The astute among you may notice that this sounds very similar to a data
lake. Data lakes have a perennial problem, which I’ll call “how the hell do I
make sense of this giant pile of files??”
As an example, say I have an object storage bucket containing 100,000
observability traces from my production servers. Maybe you’re training an ML
model to predict capacity needs for your fleet, so you want to retrieve a
dataframe of all events for my hosts in
eu-west-1 between
2025-03-27T00:00:00.00Z and 2025-03-27T01:30:00.00Z. You also want to setup
an hourly job to dump new log events into the lakehouse. And maybe while you’re
at it, you want to change the record schema.Your first instinct might be to treat the bucket as one big ol’ shared drive.

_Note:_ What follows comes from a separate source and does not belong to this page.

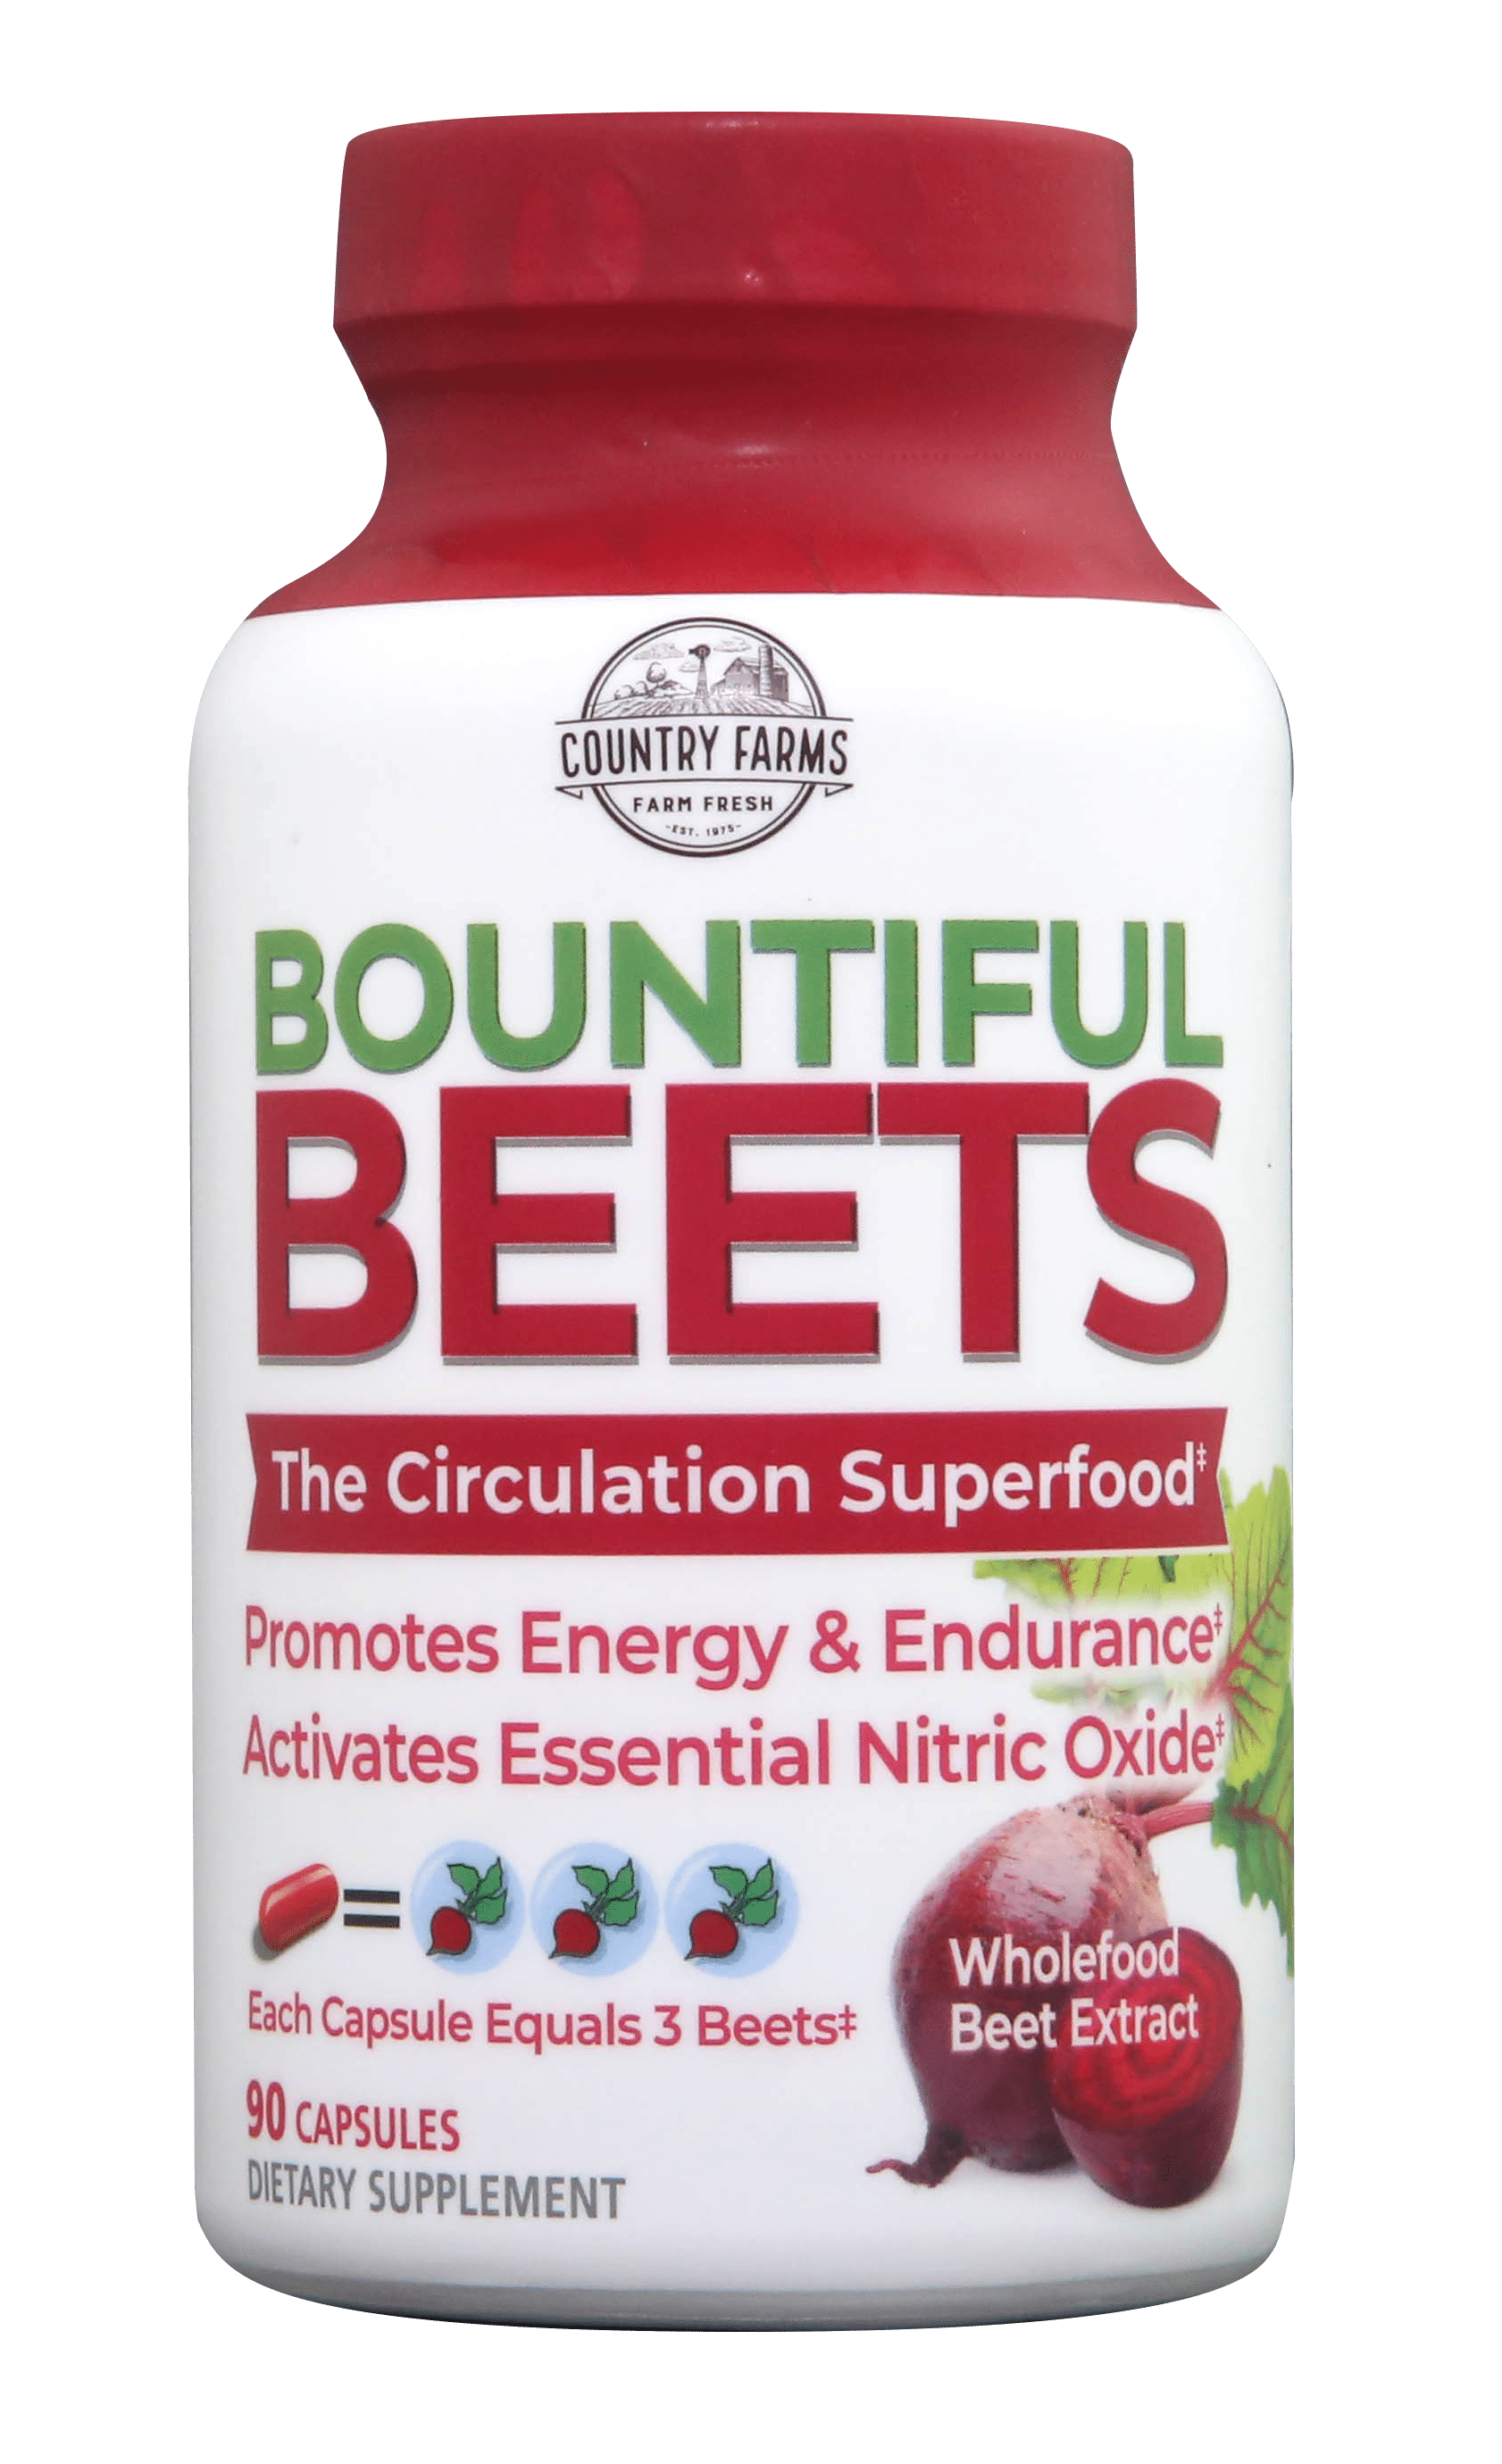 Country Farms Bountiful Beets Capsules, Circulation Superfood, Real Beet Powder, Equals 3 Beets, Antioxidant, Promotes Natural Energy, 90 ct

Give every dataset a folder, upload new Parquet files into the folder.
And this probably works, for a bit. But you’ll quickly run into all the problems
that data lakes failed to solve:
-
Concurrent access: There is no mechanism for readers and writers to coordinate shared access, leading to data loss and bloated cloud spend
-
Schema on read: Schema validation is left to the reader, meaning they need to check the schemas of all data files themselves to form the superset of all fields. Schema breakages aren’t found until they’re too late, causing cascading pipeline failures that are difficult to pinpoint and fix
-
Many small files: Data freshness necessitates frequent appends into the lake, which even for a small cluster of a few dozen nodes you could be dealing with thousands of files every day, making your queries bottle-necked on slow file listing operations
This is where lakehouse systems require a second component: a table format.

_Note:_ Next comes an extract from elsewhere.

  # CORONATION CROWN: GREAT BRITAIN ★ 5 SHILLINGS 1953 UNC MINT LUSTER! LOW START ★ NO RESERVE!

Table formats provide a management layer over the object store, grouping
collections of files into logical tables that offer familiar relational
semantics such as **schema on write **and transaction management. You
can think of the table format as the missing link that brings sanity and
governance to the lake.
Over the past decade, a slew of competing table standards have cropped up, most
of which were spun out of large tech companies as they built tools to tame their
massive data lakes. Recently, a clear winner has emerged in
Apache Iceberg. Iceberg has gained adoption as
the most fully-featured and vendor-neutral option, with teams at Apple, Netflix,
Microsoft, Airbnb and many others adopting it for their own internal warehousing
needs. Even proprietary warehouses like
Snowflake and
Google BigQuery
have raced to announce integrations, while
AWS
and Cloudflare have
each announced new public APIs that meet the Iceberg specification for their
storage customers.
Iceberg Mechanics

At its core, the Iceberg format is broken down into three layers
-
Catalog
-
Metadata files
-
Data files
Every new write transaction emits several manifest files recording metadata
about the files written, such as record counts and some summary statistics.
These are further summarized into a manifest list which is part of a
metadata file. A client who wishes to read the table starts from a metadata
file, traversing the manifest lists and manifests to discover the set of visible
files for the query. There can be several available snapshots at a given point
in time, allowing you to configure time travel and branch semantics in your own
Iceberg deployment.
The catalog sits in front of all metadata and manifest files, providing a
central way to create, read, update, and delete Iceberg tables. Iceberg defines
a
REST Catalog Specification
that enables both open and closed players alike to expose their data in an
Iceberg-compatible fashion. Providers like Amazon S3 and Cloudflare R2 offer
managed catalogs directly on top of storage buckets, but there are also a
variety of open providers such as Nessie and
Apache Polaris.
The lowest-level component in this architecture are the data files themselves.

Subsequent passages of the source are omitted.